SB 43 was introduced on February 4, 2019 and referred to the Senate Growth & Infrastructure Committee. The Committee scheduled a public hearing on February 19, 2019.
SB 43, if enacted, would introduce automated traffic (photo) enforcement to the State of Nevada. The NMA is opposed to photo enforcement, whether red-light cameras or speed cameras. Additional opposition points from NMA Nevada Activist Chad Dornsife, who provided them in written and oral testimony at the February 19th committee hearing:
- Automated enforcement financially attractive because it creates the ability to write citations en masse.
- The primary beneficiary is the camera vendor.
- The camera vendor and municipality have to first identify an engineering defect, then weaponize it.
- Absent a standard to rein in errant practices, due process is denied.
- Lessor standards of law designed to expedite fine collections predicated on a guilty until proven innocent core, with no real means of defense, violates every concept of fairness and due process.
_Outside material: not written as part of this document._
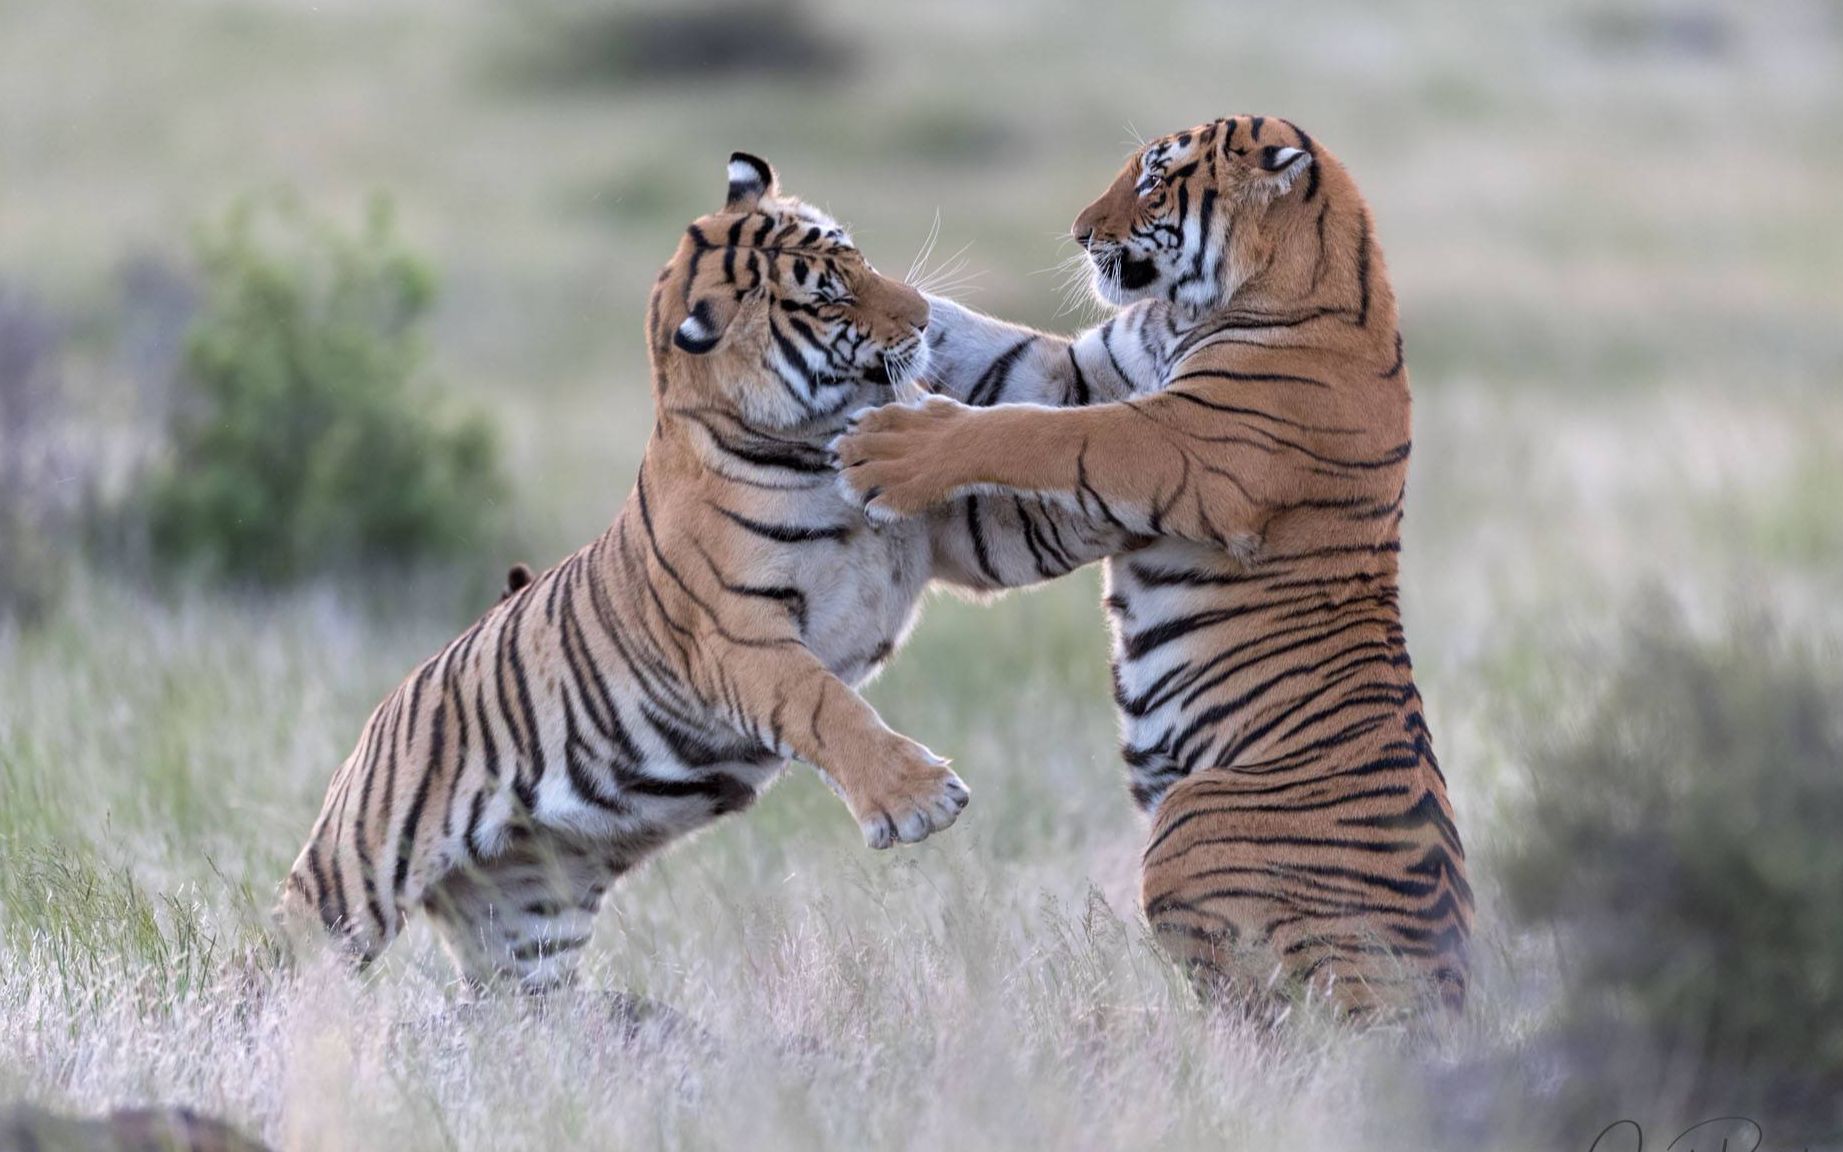 动物园的两头老虎突然展开超级激烈的战斗,这出掌速度太吓人 !

This predatory system preys largely on a defenseless motoring public using onerous fines for being caught up in nefarious practices.
- I believe in this federally regulated field that full constitutional rights apply. That means a legitimate violation must be based on a factual unsafe act and the motorist has the right to cross examine the foundation of all exercise of police powers therein.
- When put to a vote by the people, photo enforcement has been overwhelmingly defeated with very few exceptions by margins as great as 86 percent. https://www.thenewspaper.com/news/36/3655.asp
- The purported large fines to be collected are fool’s gold. Aside from a few administrative or agency jobs, most of the money goes to the camera vendor. What’s more, there is usually a minimum amount clause in the contract. Many agencies actually lose money, thereby disincentivizing corrections of the monetized defect. Many contracts also contain a clause where the defect cannot be corrected without violating the contract.
- If the vendor is paid $1 million, that comes directly out of the local economy by a factor of 4 or 5. That’s $5 million of churn (local benefit) that will be exported to the vendors home domicile.
- California had more than a 100 entities with cameras. Once the state imposed a fact-based statewide standard, all but 30 cities took the cameras out. The remaining 30 are relying on a loophole for turning movements and I’m on a committee that is going to eliminate these loopholes: the California Traffic Control Device Committee – Subcommittees for setting signal timing standards and speed limits. Set up by the legislature using subject matter experts and stakeholders, this group oversees state laws and practices.
- Under the 11th Amendment, only the state is immune from federal law suits; cities and counties are not. Knowing Nevada practices sooner or later the lawsuits will come and be relentless given the facts.
- It took four years, but California’s engineering standards and practices are now fact based for signals and speed limits and offer excellent guidance for Nevada as our state’s augmented standard. The expert subcommittee had 20 subject matter experts, stakeholders and those representing the rights of the motorists.